I politely refused but he needed to talk so much he stopped me from playing. In rapid succession I’m told he’s 55, has lost much of his interest in sex (once a week, improbably regular, it seems to me), has insomnia.
Stress, he says. I agree.
Then he sees the pages of exercises I’ve been working from and says, with a look of real sorrow. “I played drums, but I just couldn’t do that,” he says, pointing to the practice sheets in front of me.
I tried to get him off the subject with a common estimate that it takes 10,000 hours of practice to master an instrument and make a musician, figuring that could soothe him a bit, but he wasn’t helped by it.

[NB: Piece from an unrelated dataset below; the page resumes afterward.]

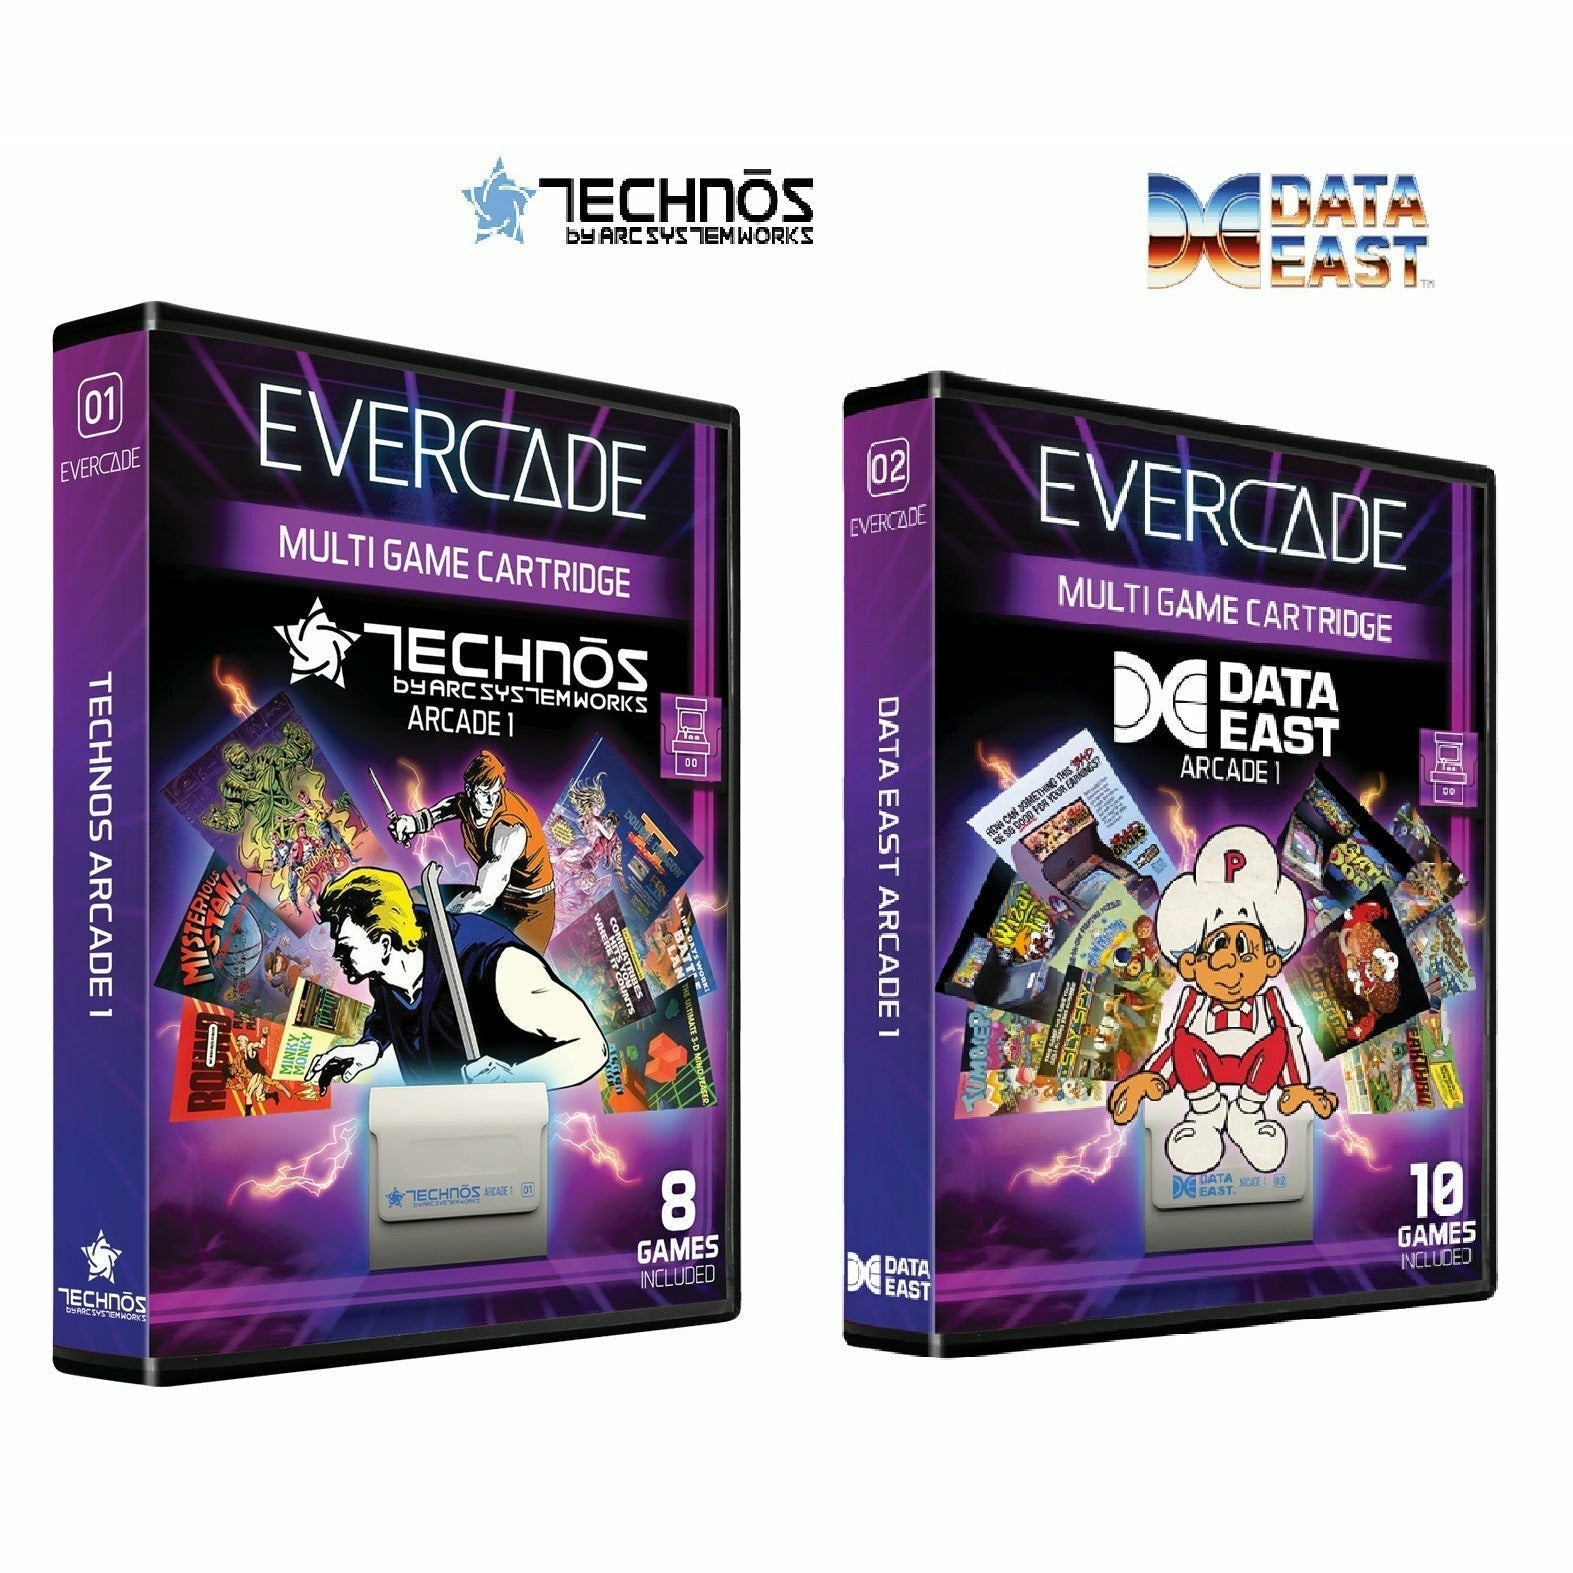 Evercade Technos Arcade & Data East Arcade Bundle - CastleMania Games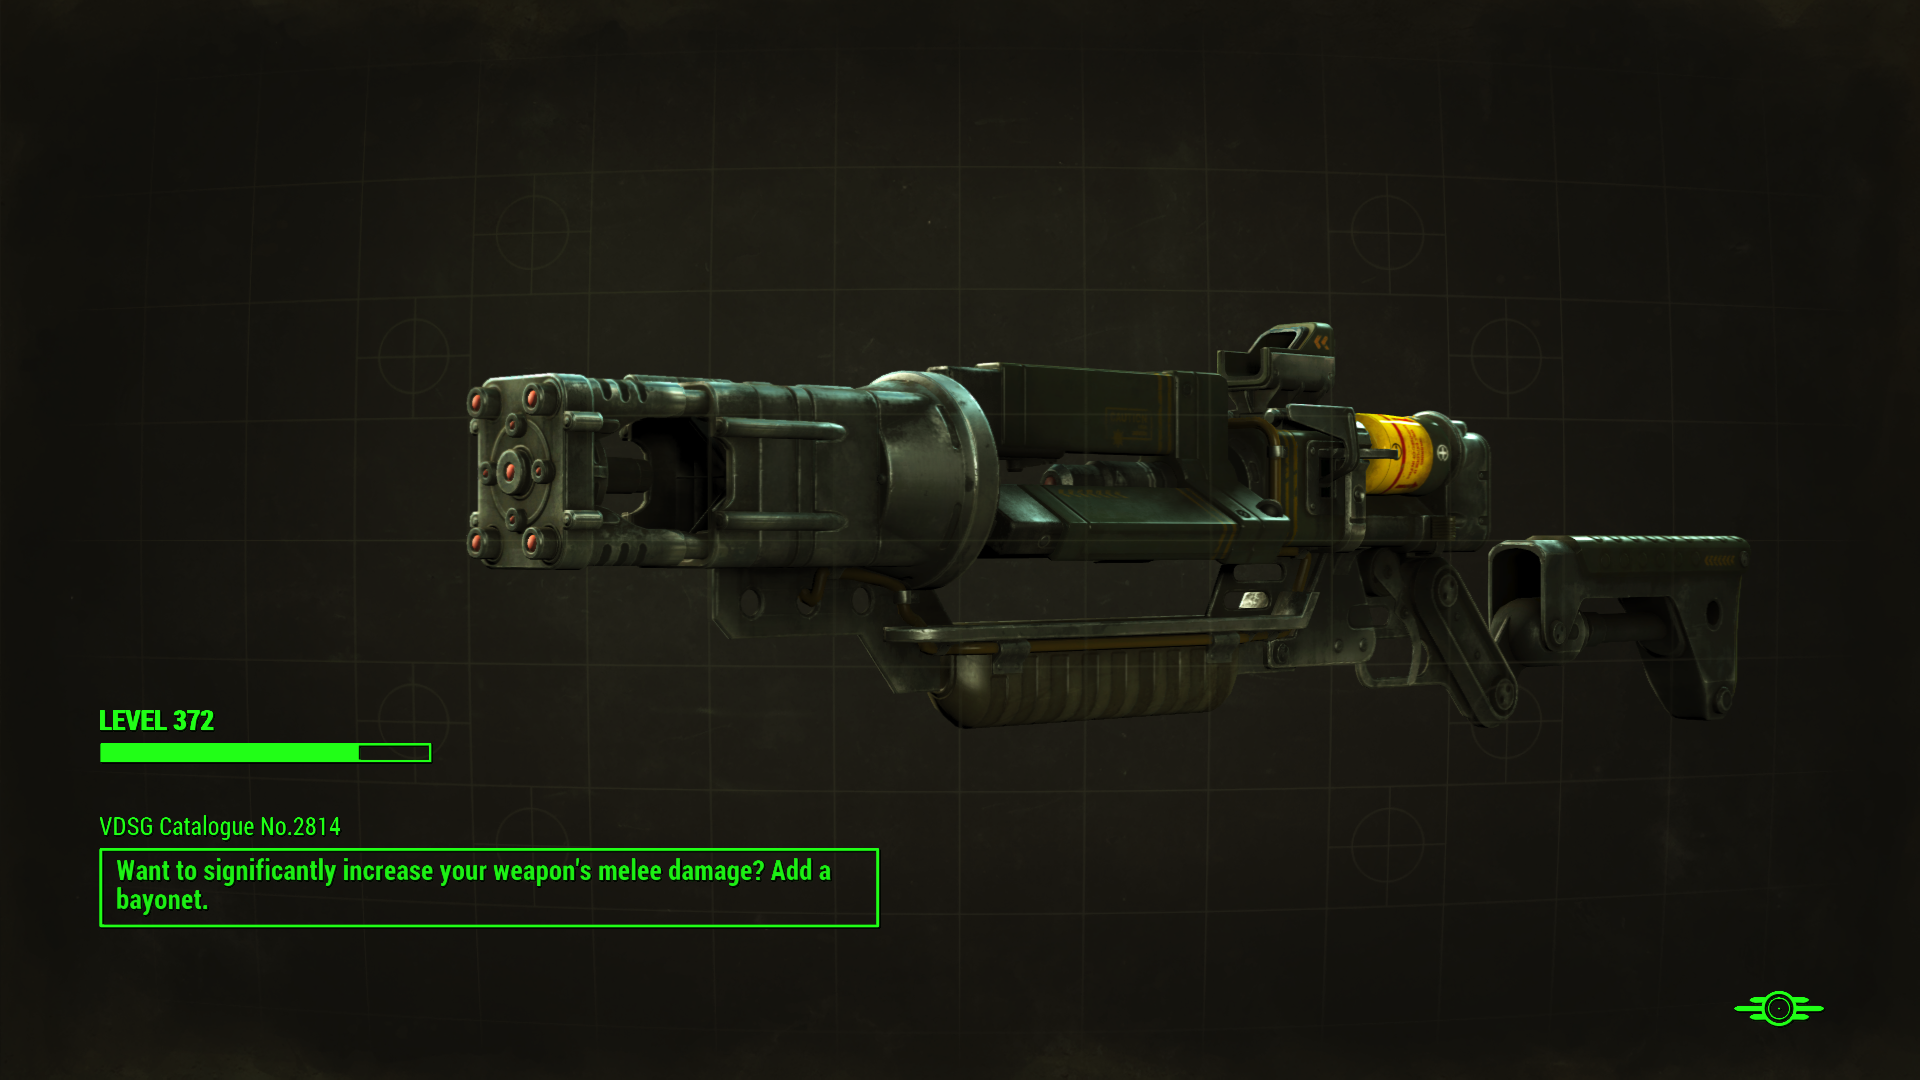 fallout 4 unique laser rifle

There was more dissonance coming off this second interloper; Bret would say he can’t sleep, then smile and watch my reaction. There were no up moments and he was smiling.
I tell him the source of the 10,000 hour estimate, “This Is Your Brain on Music,” a marvel of a book by Daniel Levitin, a former musician turned neuroscientist who argues that music’s universal appeal proceeds from its early origins and it’s capacity to develop neurons and pathways. But Brett can’t stop: he doesn’t eat like he used to because he’s gotten older, and he bloats and gets headaches
I joke about the website ads I’ve seen that list the same symptoms and invite a click for more info on how to…
“Everything’s different now,” he interjects. Is it his compulsiveness that blocks his ability to hear? “It’s that thing that happened with the asteroids that crashed through the earth’s gravity; remember that?
“Gravity’s powerful, you know. Look at the sun, how it has effects on us…” I don’t know, I say, music seems to keep me happy…
He’s come closer. Short, but powerful, he obviously takes care of himself. He’s got a reddish beard trimmed to start precisely at the line of his jaw, and an inch or two below his ears; none of it is allowed to reach his sun-ruddied cheeks.
He’s onto Planet X now, and says it has come around finally on its special elliptical orbit… and it’s the end time…
“Wait a minute, wait a minute,” I say, “how can you know that?”
“I’ve read it; it’s in the bible.”
As I leave I tell him I’ve had this idea – secular, pseudo-scientific but inspired by Levitin — that music has the ability to integrate us by bringing us back to some ancient understanding. “It’s something like the brain and the soul trying to talk to each other.” For the first time he stops talking, and I walk back to my place, indirectly.